Северная Италия. Вино. Виноградники. Знойный день кончается. Вечерняя прохлада. Старый человек зашел к соседу с табличками (книгой) в сумке. Сосед — такой же виноградарь, как гость,— любитель поэзии. Он обожествляет Вергилия, Горация, гость насмехается над этими небожителями. Но сдержанно, пряча глубоко антипатию, горечь, почти ненависть. Он только насмешлив и скептичен. Однажды он вынимает таблички. «Вот стихи, которые ненавистны богам земным и небесным». И он читает любовные стихи, которые, как он говорит, залежались у него с юных лет, оставленные одним из друзей юности. Богатый виноградарь хохочет, издевается, удивляется пустоте и никчемности этих виршей. И вновь восхваляет божественного Горация. Гость прячет таблички, хочет ответить обычными насмешками скептика, но это у него на этот раз не получается — губы дрожат, он чувствует себя плохо. «Вам дурно, друг? Сегодня был знойный день. Отдохните у меня». Но старик ушел. Вскоре раб прибежал к виноградарю. Старик упал на дороге. Он лежит мертвый. Виноградарь увидел в руках мертвого книгу табличек. Он увидел имя автора, ясно написанное: Катулл. Так звали его гостя, его соседа, его старого друга — насмешника. Значит, он читал свои стихи.

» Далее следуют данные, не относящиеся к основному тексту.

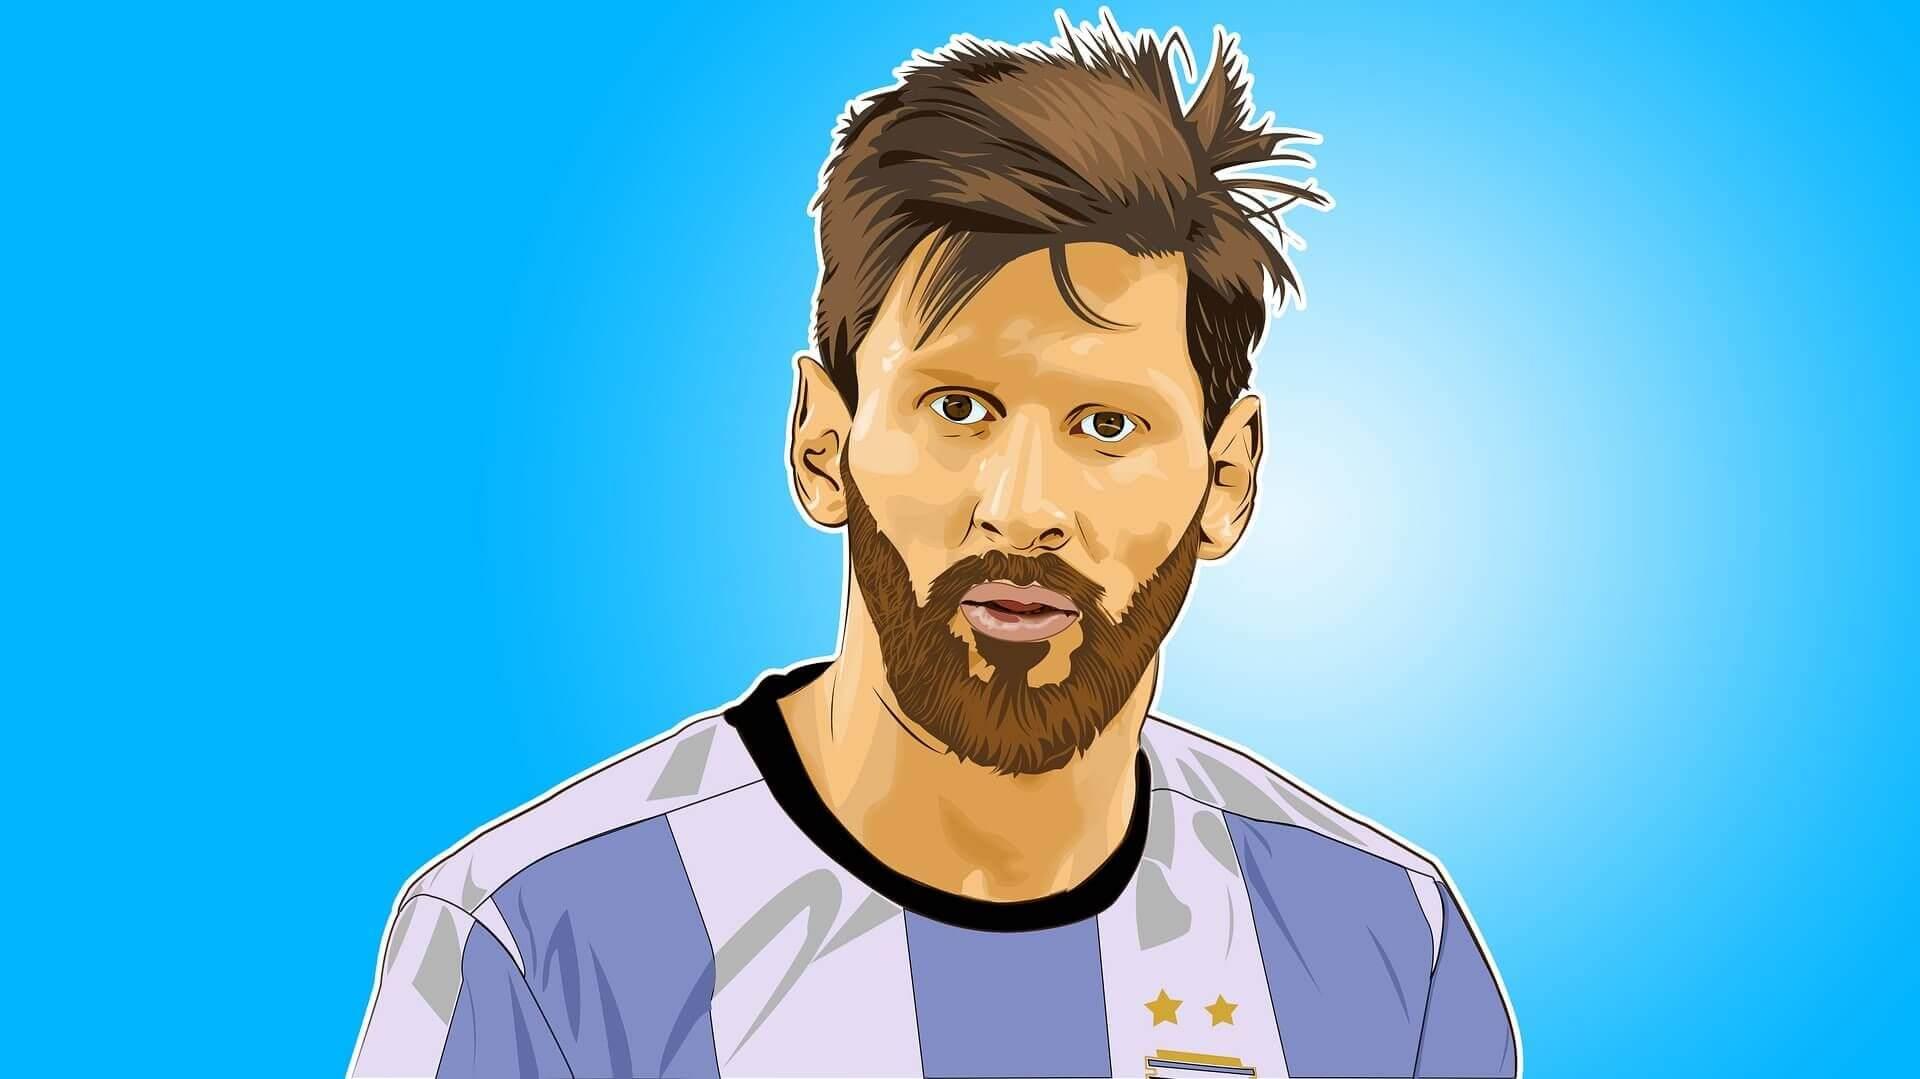 mejores casas de apuestas deportivas argentina

Я не исторический писатель. В северные виноградники Италии двухтысячелетней давности мне переселиться трудно — мелких деталей быта не знаю,— а сюжет не отпускает. Так и вижу всю эту картину. Хоть на интуицию полагайся. Дата смерти Катулла неизвестна. После заговора Катилины Катулл, видимо, уехал на родной север, и больше ничего о нем не известно. Он сошел с исторической сцены, и неверно предполагают, что он обязательно умер. Нет! Он остался жить в родовом своем поместье с язвительной мыслью о своей поэзии, отброшенной титанами с презрением, пинком Горация. И вот так он умер, как рисует воображение и ленится написать перо.
Другой сюжет — сложней.
Указы Феодосия 90-х годов IV века запретили языческие обряды. Патриарх Феофил (александрийский) решил показать свою преданность христианству и Риму, созвал фанатиков — монахов и пустынников и повел на разгром Александрийской библиотеки, сокровищницы знаний (в здании, именуемом «Серапион»). Разгромил. Уничтожил.
Феофил был развратным, кровожадным, растленным, его «двор» состязался по пышности и разврату с византийским. Но Византийская империя уважала епископа Иоанна Златоуста, прекрасного, прелестного человека, последнего из ранних христиан, из тех, кто обличал богачей, боролся за справедливость, из тех, у кого жива была социальная сторона христианства. Он был к тому же отличным писателем, его проповеди — образец прозы того времени. Феофил на его место хотел поставить своего человека. После разгрома Александрийской библиотеки императрица Евдокия решилась и послала Иоанна Златоуста в изгнание. Ночью после ареста Иоанна Златоуста случилось грандиозное землетрясение. Испугавшись гнева божия, императрица немедленно вернула Иоанна Златоуста, Феофилу пришлось его вновь рукоположить. Он выждал и все-таки прикончил Иоанна Златоуста, тот погиб в тюрьме. Ни в какой гнев божий Феофил, конечно, не верил. Совершенно был безнравственный человек.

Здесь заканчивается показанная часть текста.